Она состроила гримаску, сморщив нос.

– Я работаю в офисе без окон, в компании моего сводного брата и не делаю ничего важного. Это одно из тех рабочих мест, которые создаются для семьи. – Она не сказала ему, что написала заявление об уходе, потому что он мог предположить, что она сделала это, намереваясь остаться в Монтане, а это не имело никакого отношения одно к другому. Но ее участившийся пульс подсказал ей, что, если бы он попросил, она упаковалась бы и приехала к нему так быстро, что он решил бы, будто у нее был свой собственный самолет.

– Вы когда-нибудь были на ранчо? – спросил он, хотя уже знал ответ.

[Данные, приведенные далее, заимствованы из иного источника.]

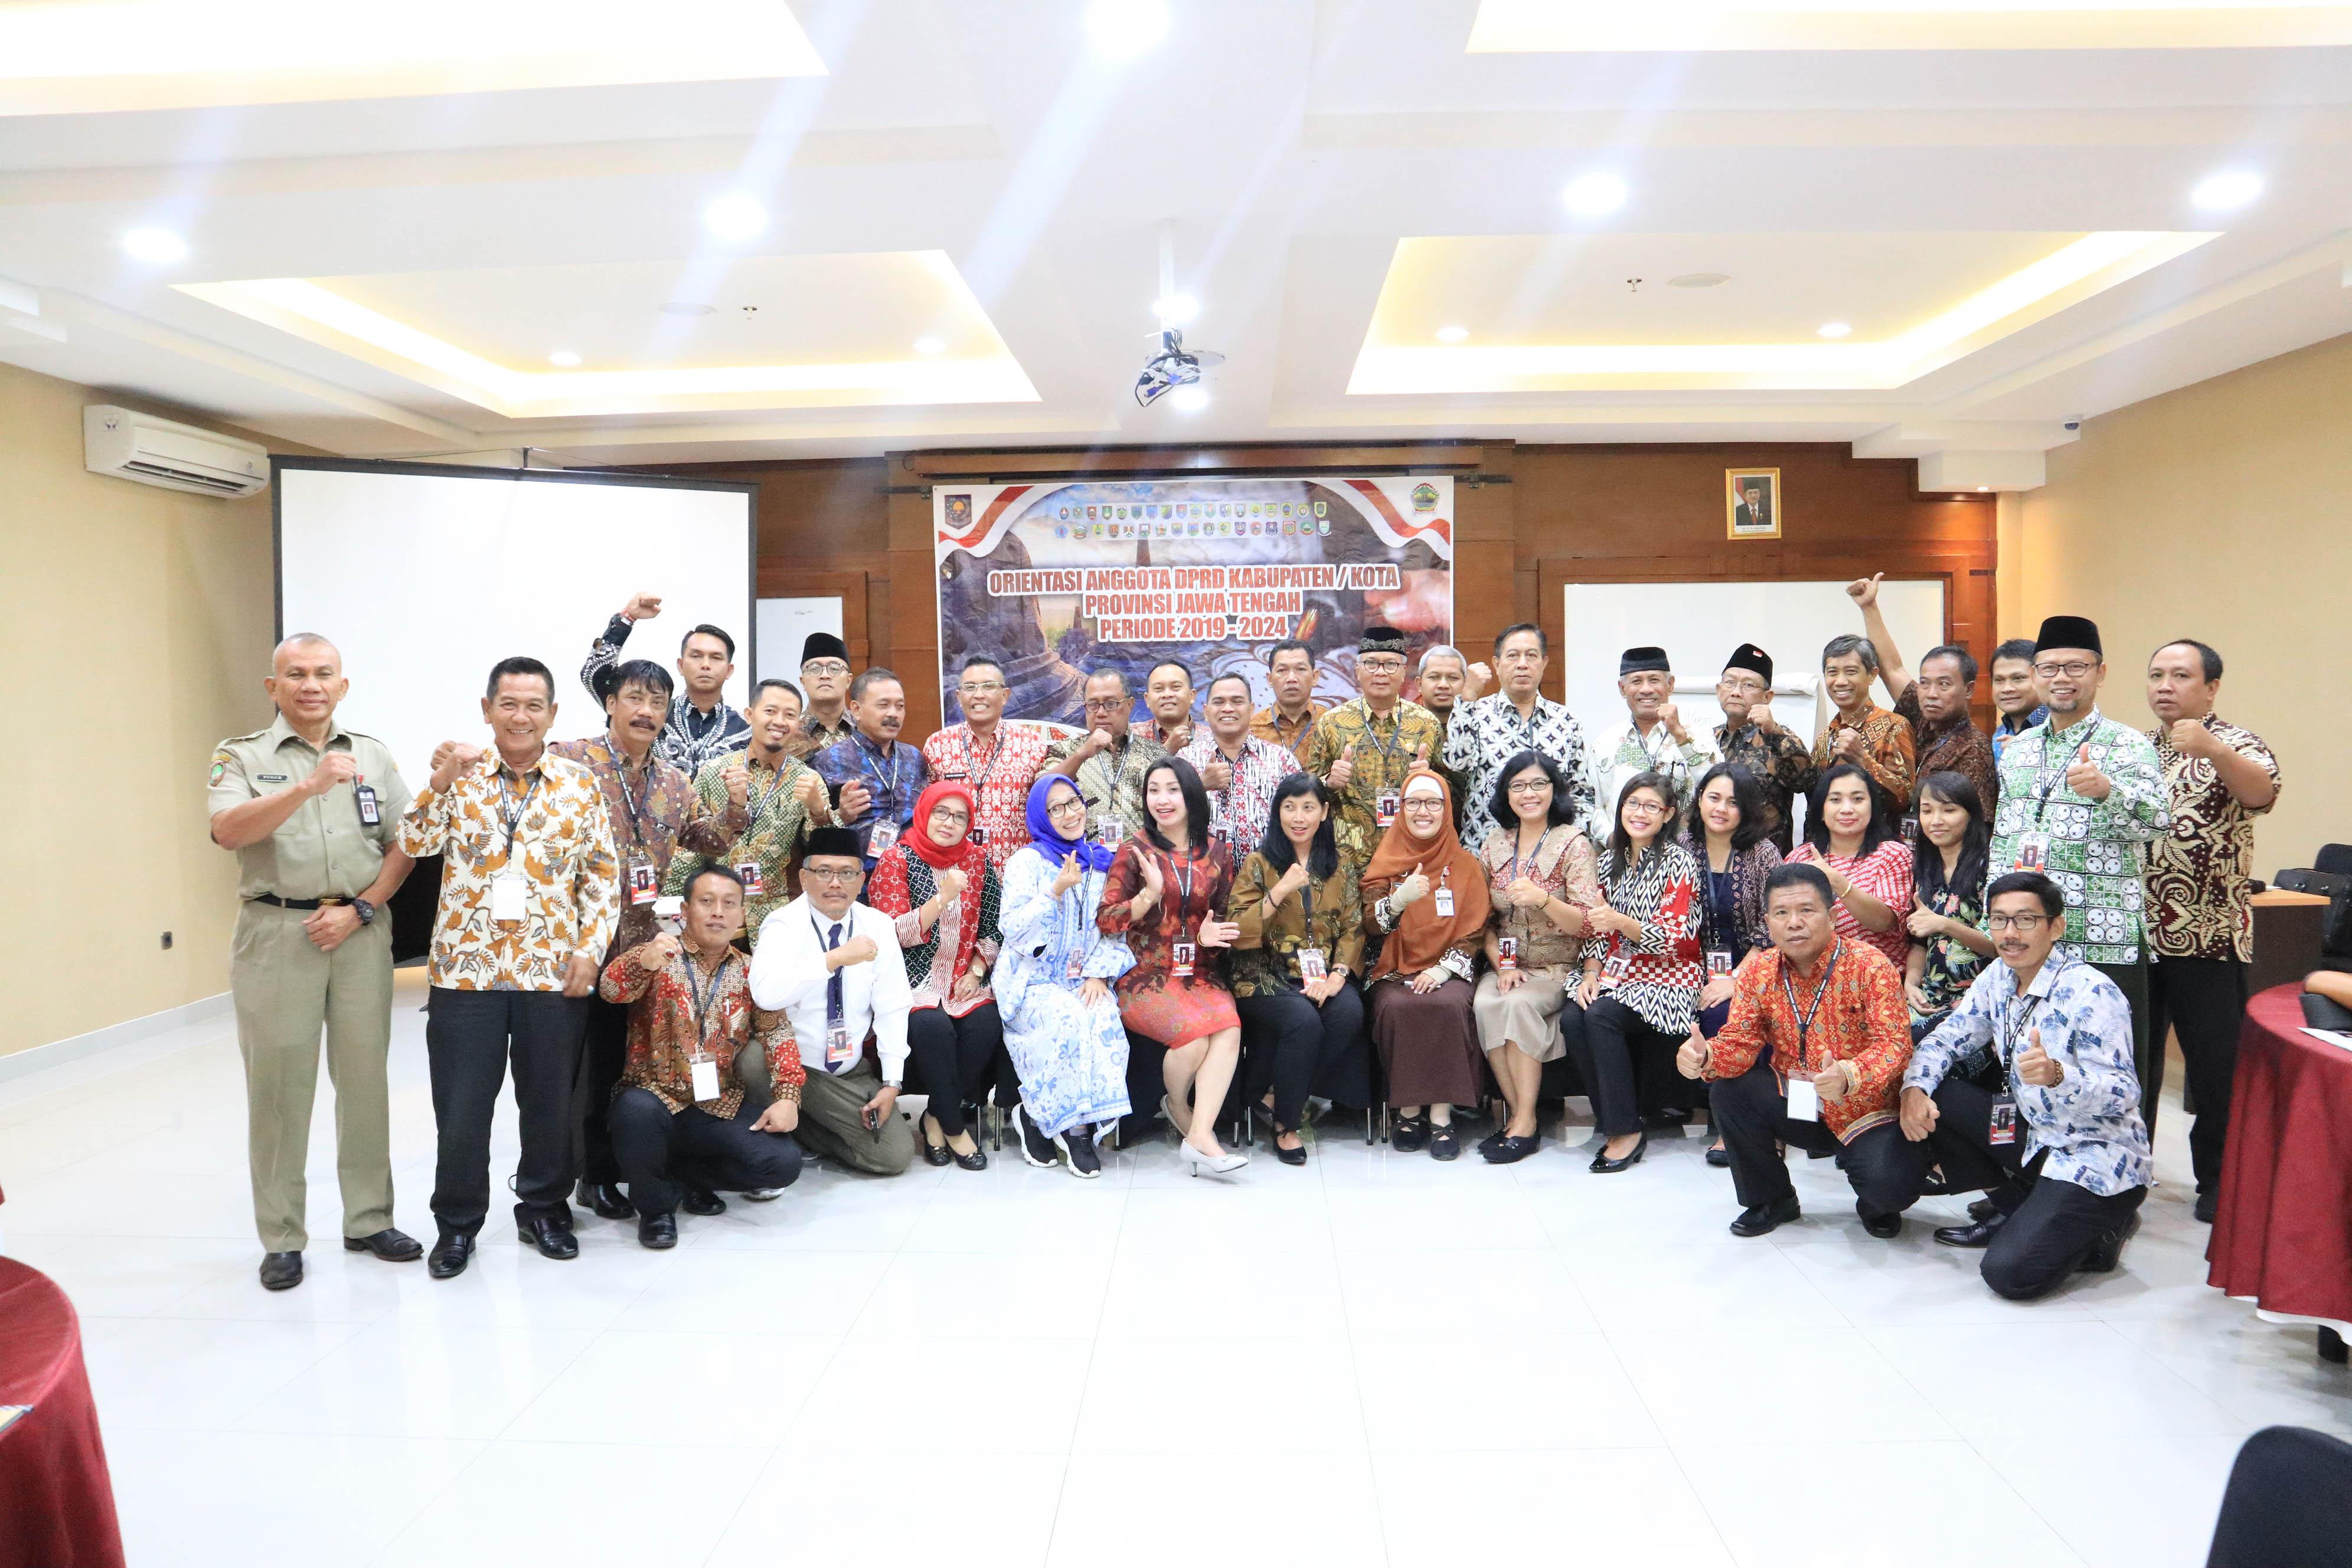 Kegiatan Orientasi Anggota DPRD Kota Surakarta

– Нет. – Маделин подняла на него взгляд, ей приходилось делать это, несмотря на восьмисантиметровые каблуки. – Но я действительно умею ездить верхом. – Фактически, она была очень хорошей наездницей, благодаря любезности своей соседки по комнате в колледже Вирджинии, которая была повернута на лошадях.

Он отклонил вероятность какой бы то ни было верховой езды, на которую она, возможно, была способна. Развлекательная верховая езда была очень далека от рабочей, а его лошади, вышколенные и в своем роде столь же ценные, как скаковые, были именно рабочими. Это была лишь еще одна область, в которой она не соответствовала.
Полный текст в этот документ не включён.